Modern technology allows for a great deal of industrial
production to take place locally. As the cost of
transportation rises, even in purely economic terms the
advantage of local production for local markets increases.
It will be possible for fairly small localities to become
fairly self-sufficient. A world economy organized in this
way will be far more sustainable than the globalized one.
In a
decentralized economy, the domination of the real economy by
the paper one will also be greatly reduced. As the paper
economy becomes ever more fragile, this reduction of its
role will also be crucial to the capacity of people to
survive the crises we will undoubtedly face. The making of
vast fortunes with no contribution to the real economy will
be much rarer.
13. Conclusion
We have been
barraged by propaganda telling us that the economic
globalization to which we are now subjected is inevitable,
that no other world is possible.
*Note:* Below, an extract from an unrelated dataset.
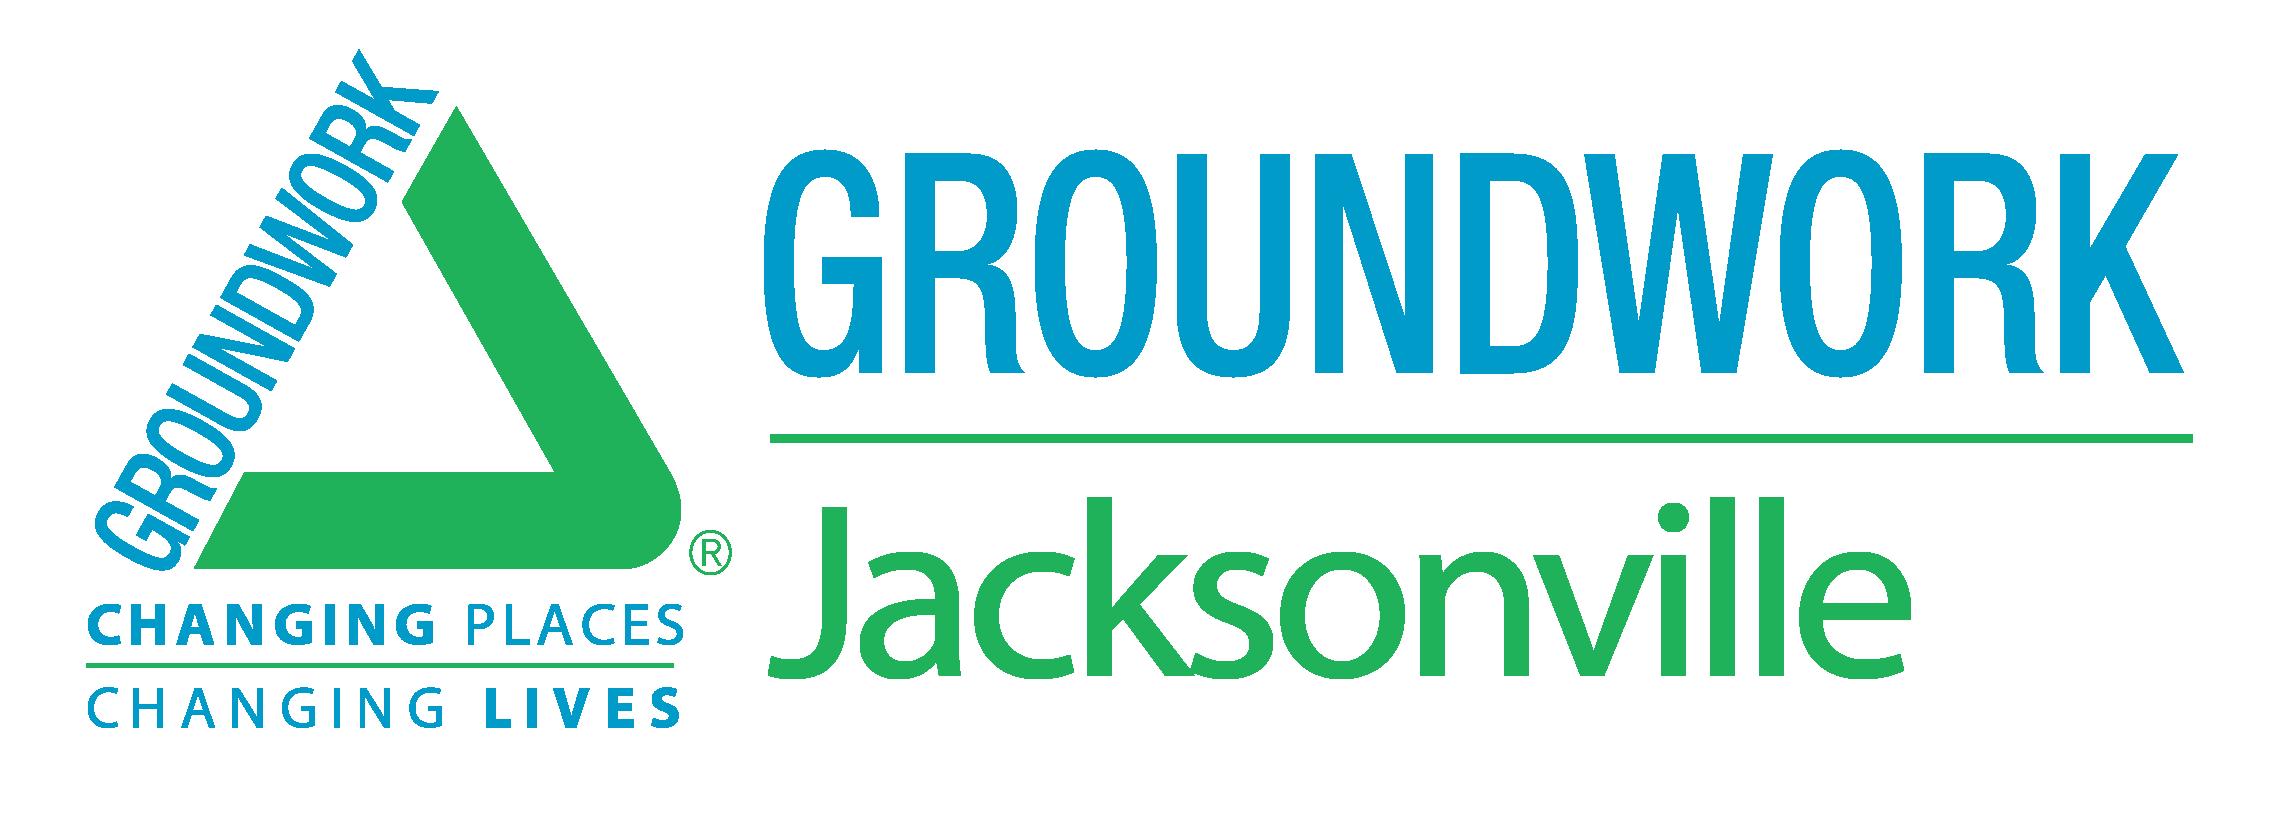 Groundwork Jacksonville logo

This is a lie, and its
exposure as such is of the greatest importance for all the
inhabitants of this planet. Actually the indefinite
continuation of this globalization is not even possible. The
global economy will collapse. Fortunately, another
world is possible.
Modern
technology and communications are as compatible with a
decentralized society as with the extreme centralization
that goes with globalization. Globalization is a choice,
not a necessity. Most of those who have chosen it have done
so out of false expectations. Those who have persuaded them
both of its benefits and of its inevitability benefit
greatly in the short run. They too will lose in the
inevitable collapse.
The clearer
we become about the other world that is possible, the more
attractively we portray it, the more we stop the destructive
advance of globalization, the more we actualize elements of
the possible world, the more we will reduce the suffering
that is the inevitable outcome of current global policies.